Tanto la lírica china como la japonesa han incidido sobre la imaginación de los poetas de lenguas romances y las demás occidentales. El discurso de Eduardo menciona algunos nombres de latinoamericanos: Lugones, Borges, Paz, García Saraví. Agregaré por ahora los de dos franceses, Víctor Segalen, médico, etnógrafo y poeta, autor de unas “Estelas”, evocaciones de la imagen visual de las lápidas de piedra de china y de sus textos, no sé si epitafios, y el de Paul Claudel, cuyas concisas y levísimas “Cien frases para abanicos”, revelan un costado del autor muy diferente al de las “Cinco grandes odas” o al de las confidencias femeninas entrañables, estremecidas o consoladoras, de la “Cantata a tres voces”. Las “frases” reviven impresiones personales del Japón; incluyen, supongo, algunas transcripciones retocadas, la alusión a una caligrafía.

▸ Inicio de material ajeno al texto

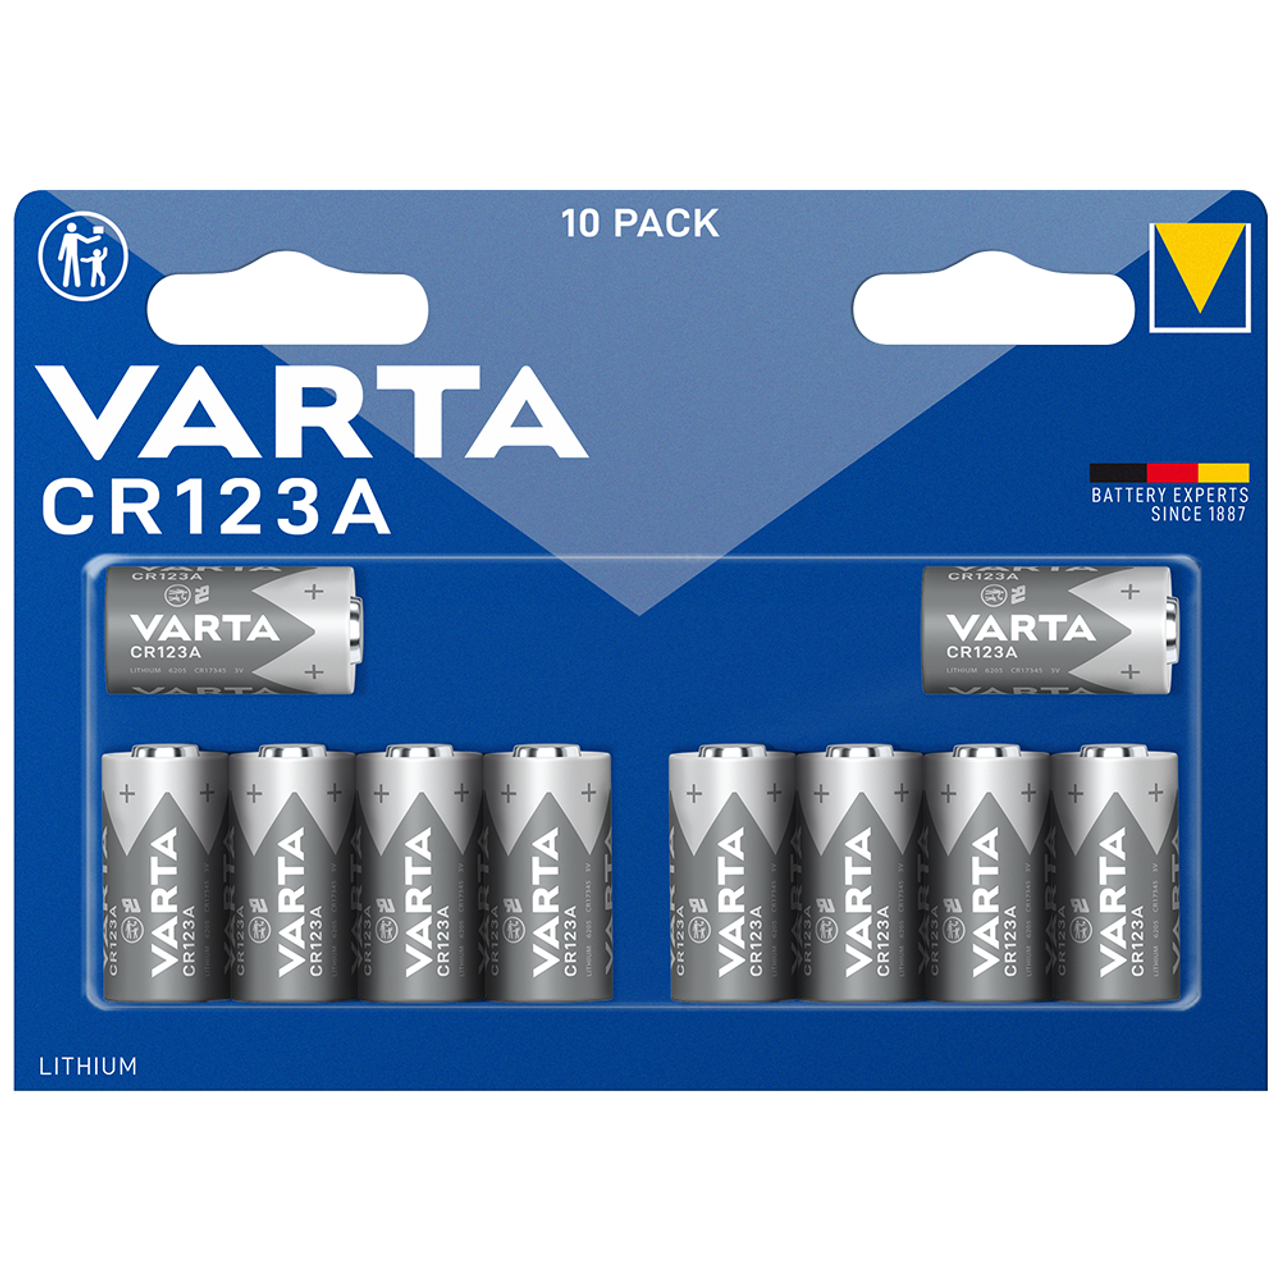 Panasonic CR123A Lithium Batteries in Bulk Boxes of 100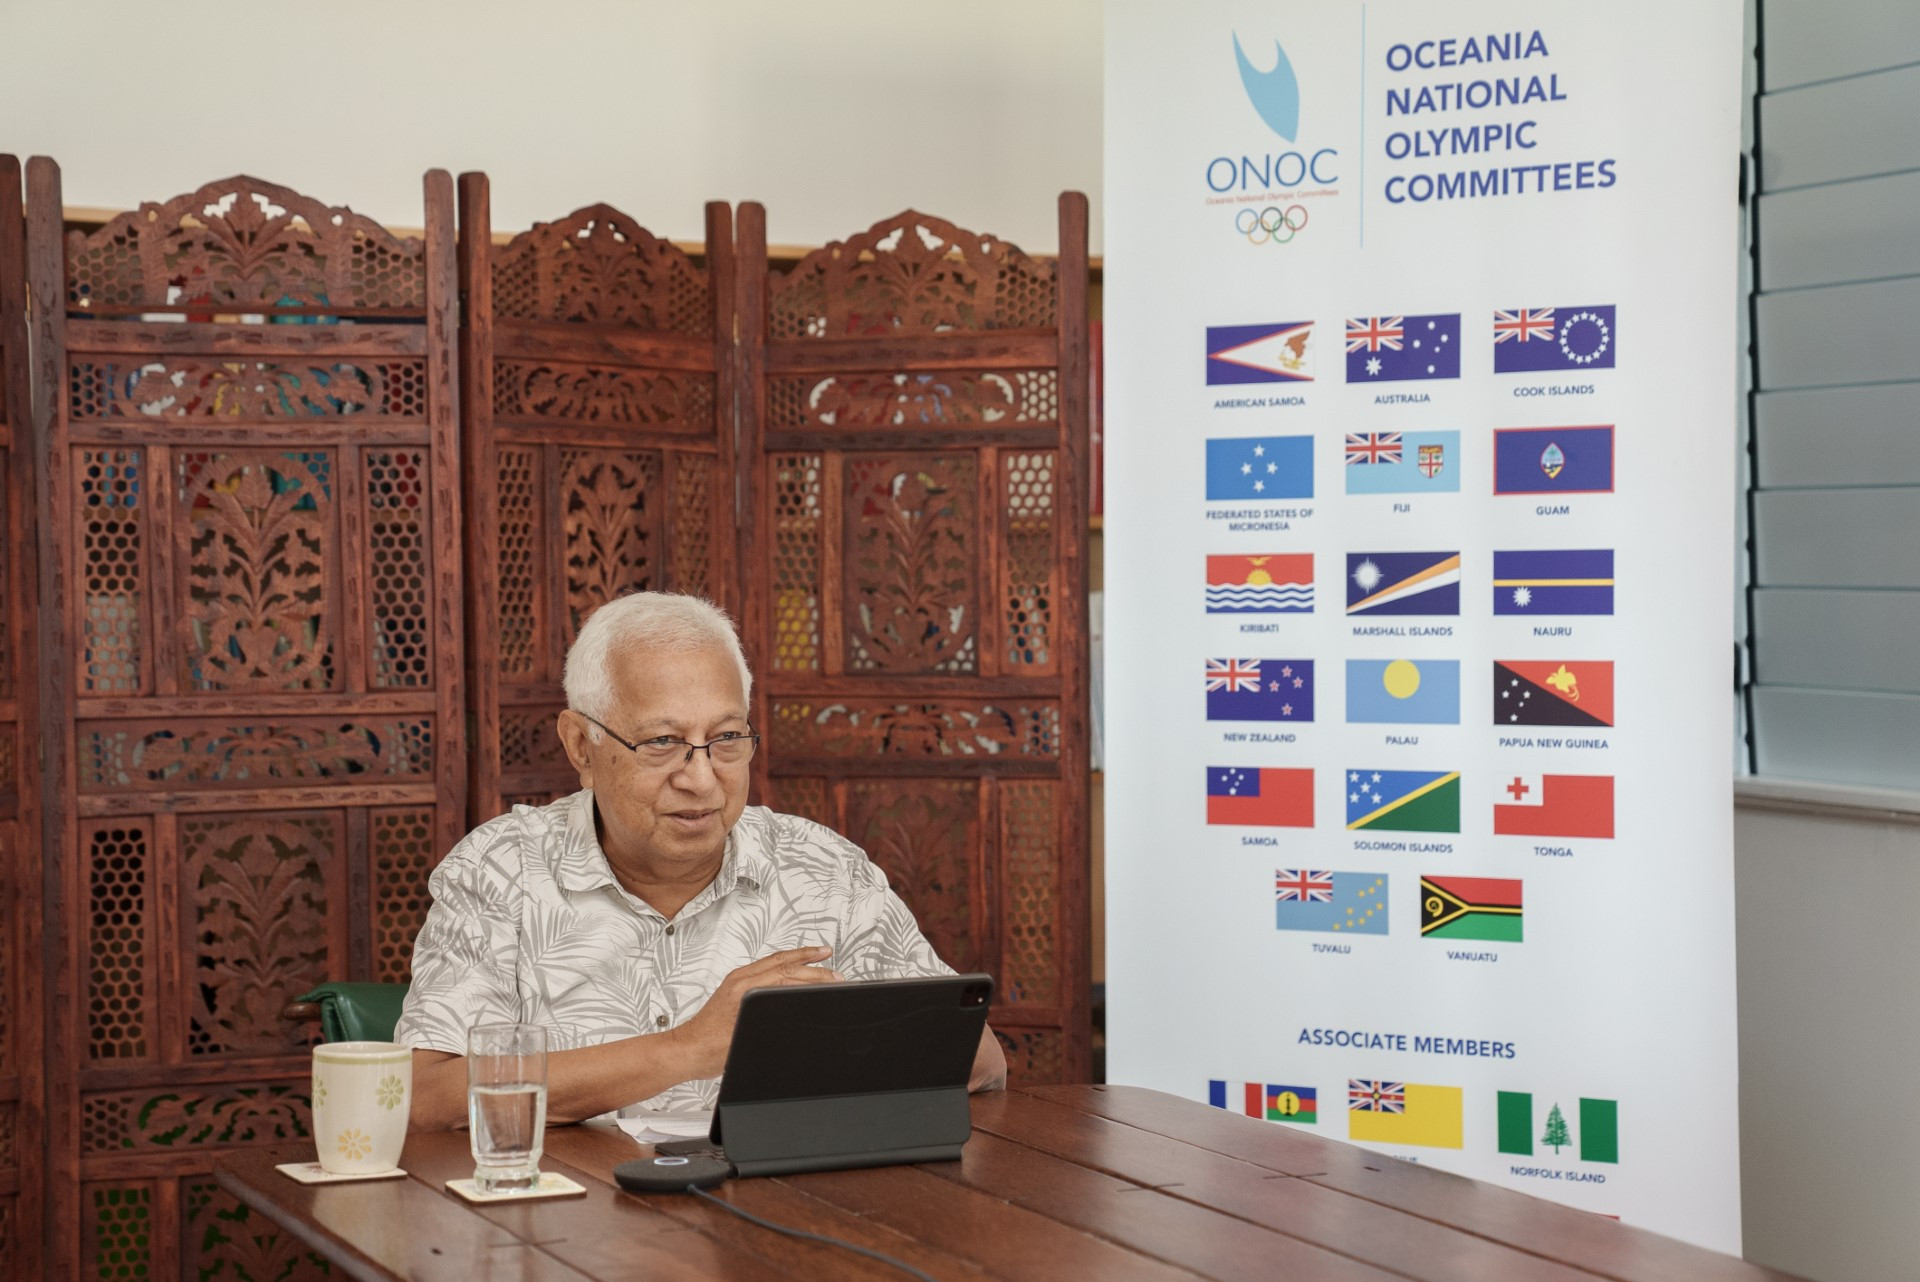 Oceania National Olympic Committee President Robin Mitchell has held talks with South East Queensland universities about working together before Brisbane 2032 ©ONOC

Acogen el espíritu, el sutil deslumbramiento, alma de esta forma. (Abro los ojos y la rosa ha desaparecido. La hemos respirado todaEstoy en negociaciones con la muerte. Peso sus propuestas).

Segalen y Claudel ilustran el diálogo entre culturas, uno que recibe, responde, escoge y enriquece y engendra nuevas manifestaciones líricas sin dejar de pertenecer a una poesía europea y francesa de pupilas y sensibilidades abiertas.

Entendimiento análogo se ha de conceder a los literatos ecuatorianos cuyas páginas -varias de ellas- muestran afinidades con la escritura de latitudes y culturas exógenas.

Rubén Astudillo está a la altura de las voces más poderosas de la lírica ecuatoriana de la segunda mitad del siglo XX. Su poesía, su apariencia de una prosa entrecortada, sin mesura aunque singularmente rítmica, exhibe una tensión intensa entre la desolación y la apropiación sensual, entre la angustia, y el deseo de posesión. Una confesión privada del agnóstico y anarquista, “tengo una gran necesidad de Dios”, desnuda una exigencia casi sobrehumana que sus deseos y su agudeza no alcanzaron a satisfacer.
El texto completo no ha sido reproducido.